OD values above 0.141 for IgG and above 0.183 for IgM were considered as
positive.
Anti-rabies virus antibodies determination
Neutralizing antibodies were measured by Simplified Fluorescent Inhibition Microtest
[SFIMT] (20). Briefly, the test sera and positive and negative standard sera were
distributed into a series of two-fold dilutions in minimum Eagle medium (MEM)
containing 10% bovine fetal serum beginning from 1/5 in 100 µl per well of Linbro
Titertek (Flow Laboratories) 96-well plates; 50 µl of a previously tittered optimal viral
suspension (PV virus) was added to each well to infect 80% of the cells; this was
followed by an incubation period of 60 min at 37°C. Then, 50 µl BHK21 cells (clone
13), growing in MEM with 10% bovine fetal serum (106 cells/ml), was added to each
well. The microplates were incubated at 37°C for 24 h in a humidified CO2
atmosphere. Virus infection rate was determined in each test. After cell fixation with
80% cold acetone for 15 min, cells were stained by an anti-rabies nucleocapsid
fluorescent conjugate (Sanofi cod 72114). The plates were washed with PBS
followed by distilled water. Then, 50 µl of 0.5 M glycerine buffered carbonate, pH 9.6,
was added to each well. The plates were examined in an epi-fluorescence inverted
microscope to evaluate the effect of the virus on the cell culture. Results expressed
the dilution corresponding to the well with 50% decrease of infection. Comparison of
test sera results with those of standard serum were used to obtain titer IU values.
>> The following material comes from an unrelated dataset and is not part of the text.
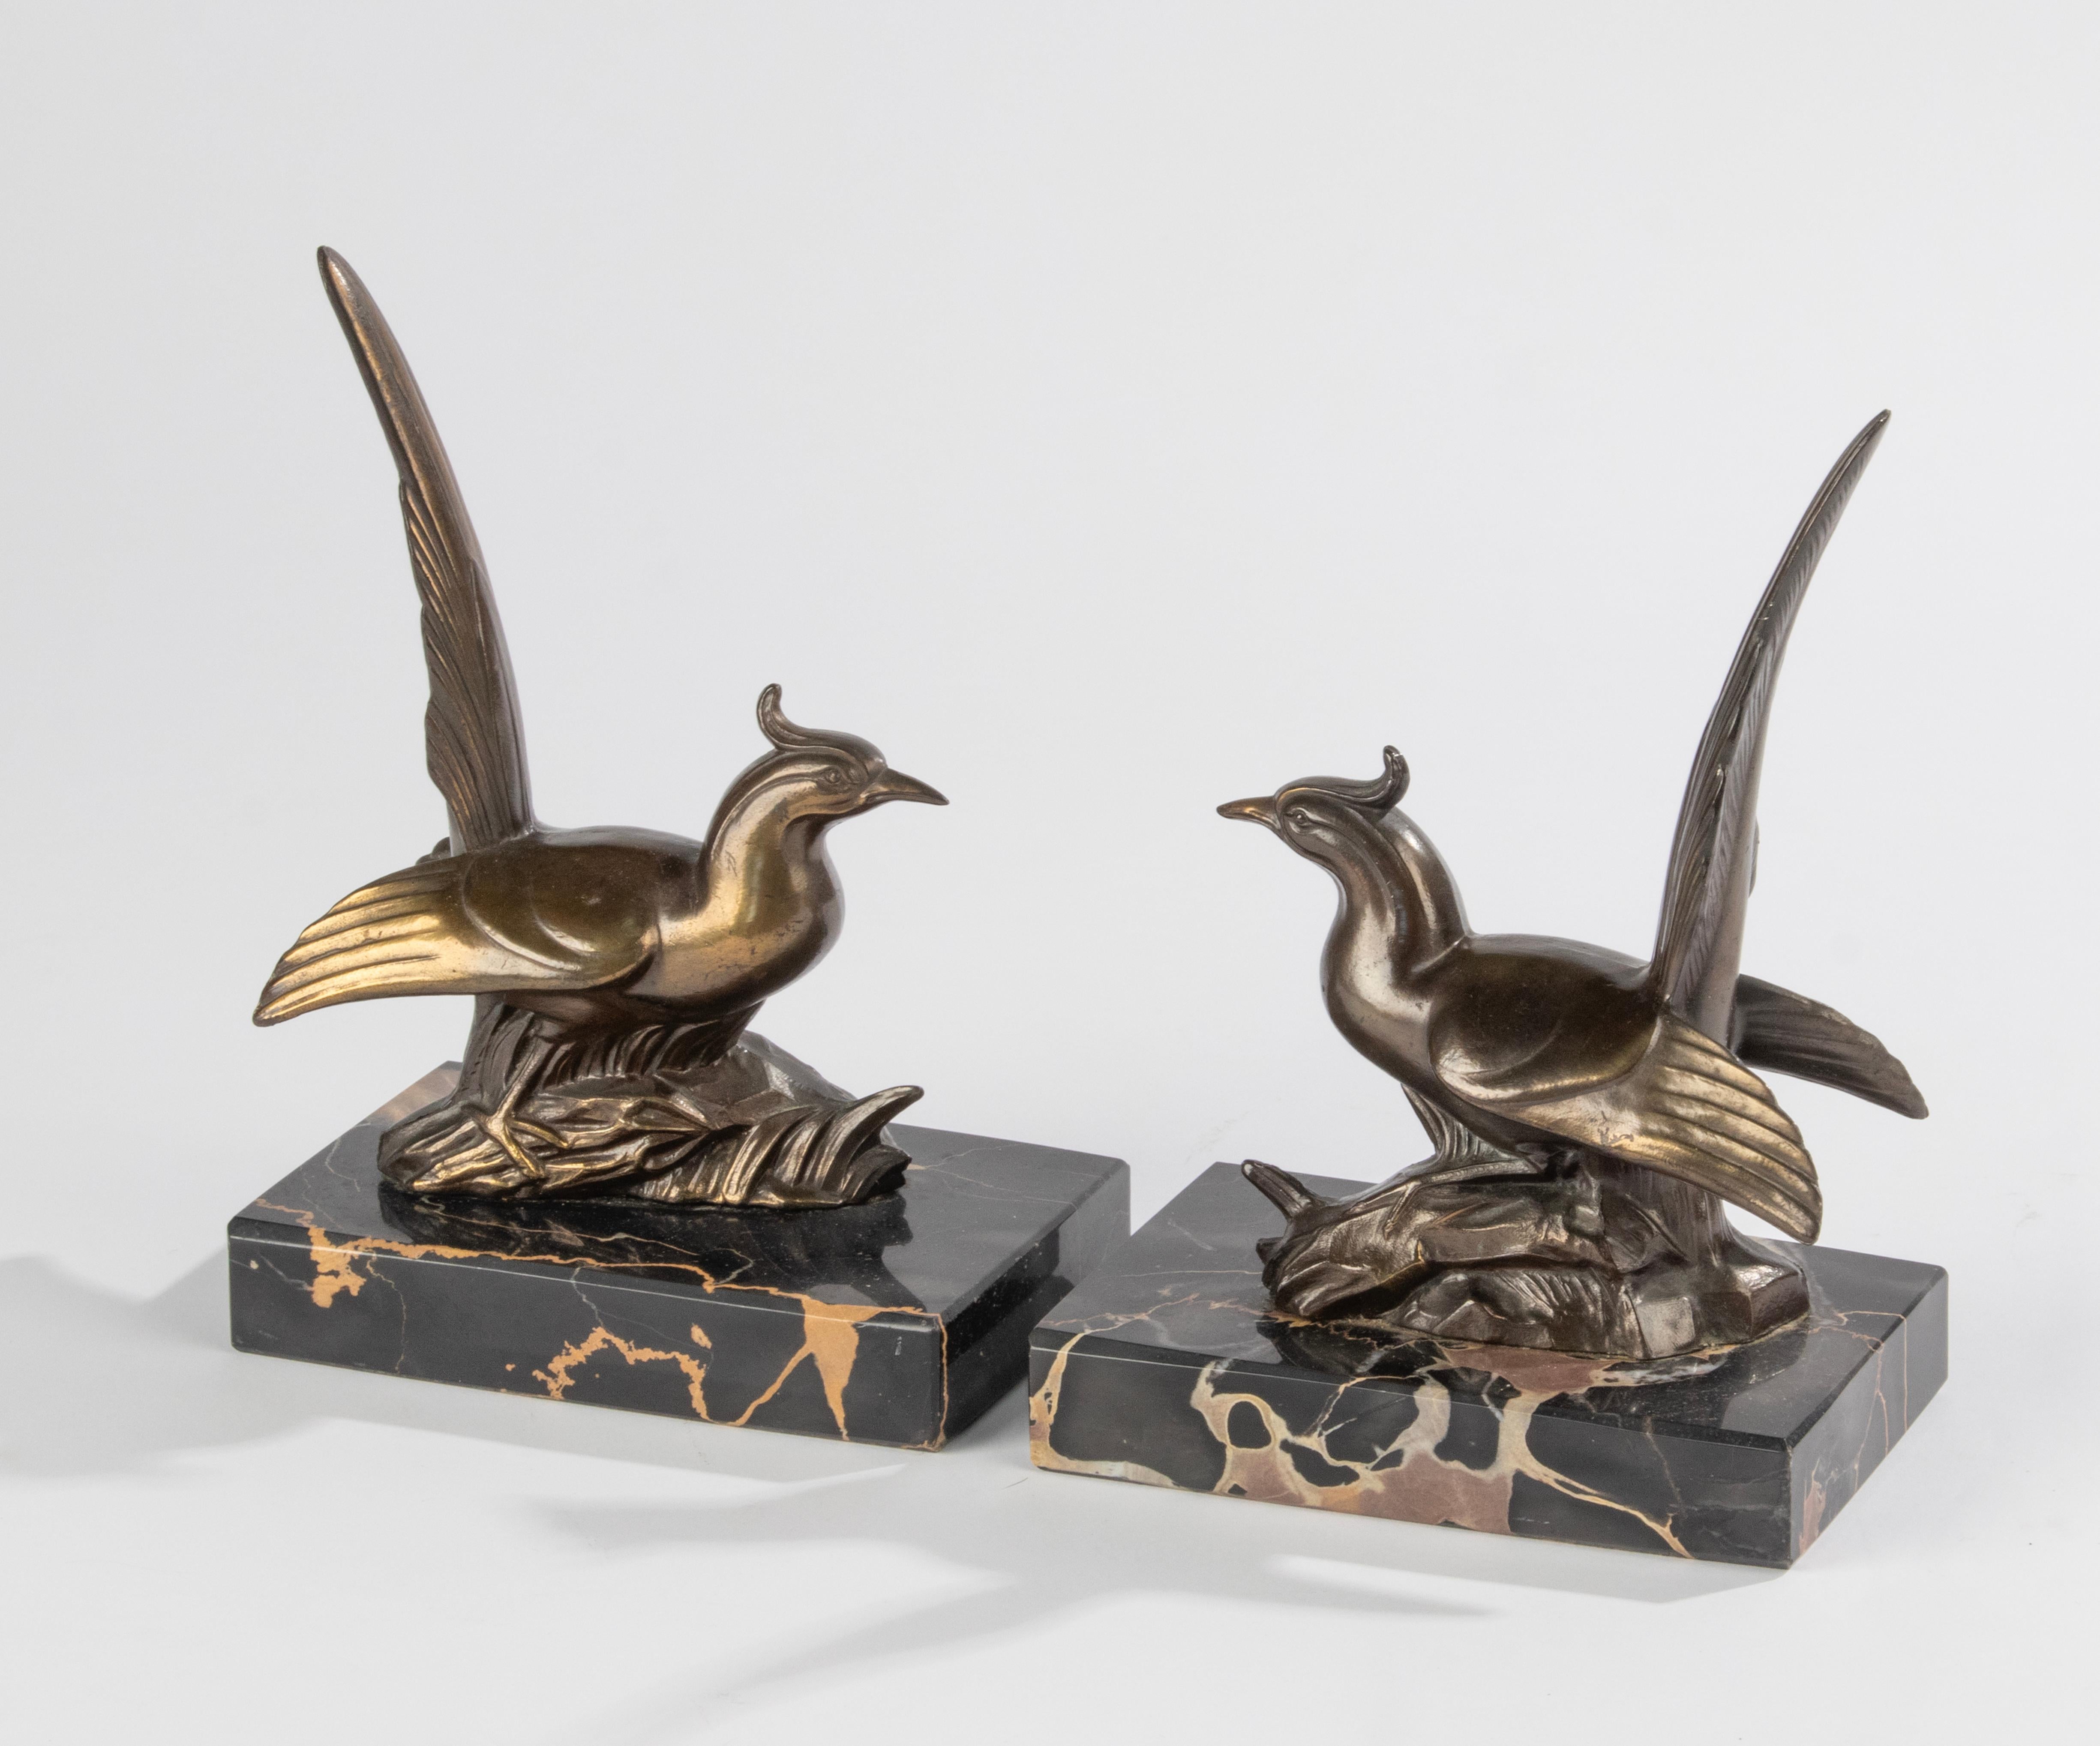 Ein Paar Buchstützen aus der Zeit des Art déco, mit Skulpturen von Fasanenvögeln. Die Figuren sind aus bronzefarben patiniertem Zinn (Zinklegierung) gefertigt. Die Sockel sind aus Porto Nero Marmor gefertigt. Alles in gutem Zustand. Hergestellt in

Immunoglobulin determination
The IgM, IgG and isotypes, and IgG1, IgG2, IgG3 and IgG4 levels were determined
in serum of patients subjected to serum vaccination therapy evaluated before and
after 14 and 28 days of treatment. IgM and IgG were determined by nephelometry
the manufacturer’s instructions. Immunoglobulin concentrations were measured with
a BN 100 nephelometer (Dade Behring, Marburg, Germany) and ARRAY 360
equipment (Beckman Coulter, Inc., Los Angeles, CA, USA). Immunoglobulin isotype
results were expressed in mg/100ml.
IgE determination
IgE serum levels were evaluated by an Elecsys Enzymun-test (Roche, diagnostic
Corp., Indianopolis, IN, USA) with a ruthenium-labeled anti-IgE monoclonal antibody.
Reactions were developed according to the manufacturer’s instructions, and IgE
concentrations were obtained in an ELECSYS 2010 apparatus (Roche, Diagnostic
Corp., Indianopolis, IN, USA).
Enzyme-linked immunosorbent assay for cytokines
Cytokines IL-2, IL-4, IL-10, and IFN-γ concentrations were determined in patient
serum obtained before and after treatment (48 h later) by ELISA. Antibody matched
pairs and respective standards were purchased from R&D Systems (Minneapolis,
MN, USA) and used according to the manufacturer’s instructions. Assay sensitivity
limit was 10 pg/ml for all cytokines tested.
Statistical analysis
Data were statistically analyzed using InStat software (Graph Pad, Software, version
3.05, San Diego, CA, 2000). Serum levels of anti-equine immunoglobulin antibodies
and anti-rabies virus found in patients before and after treatment and in the control
group were compared by one-way analysis of variance (ANOVA), followed by
multiple comparisons by the Tukey-Kramer method, and concentrations of IgE, IgM,
and IgG isotypes were analyzed by the paired t-test. Differences in the cytokine
responses between patients and controls were determined by Kruskal-Wallis
non-parametric analysis of variance, followed by Dunn Test multiple comparison.
Significance level was set at p<0.05 in all analyses.
RESULTS
We studied the epidemiological characterization of 33 patients receiving rabies
high exposure to bovine biological material followed by canine and feline attack,
animals of major epidemiological importance.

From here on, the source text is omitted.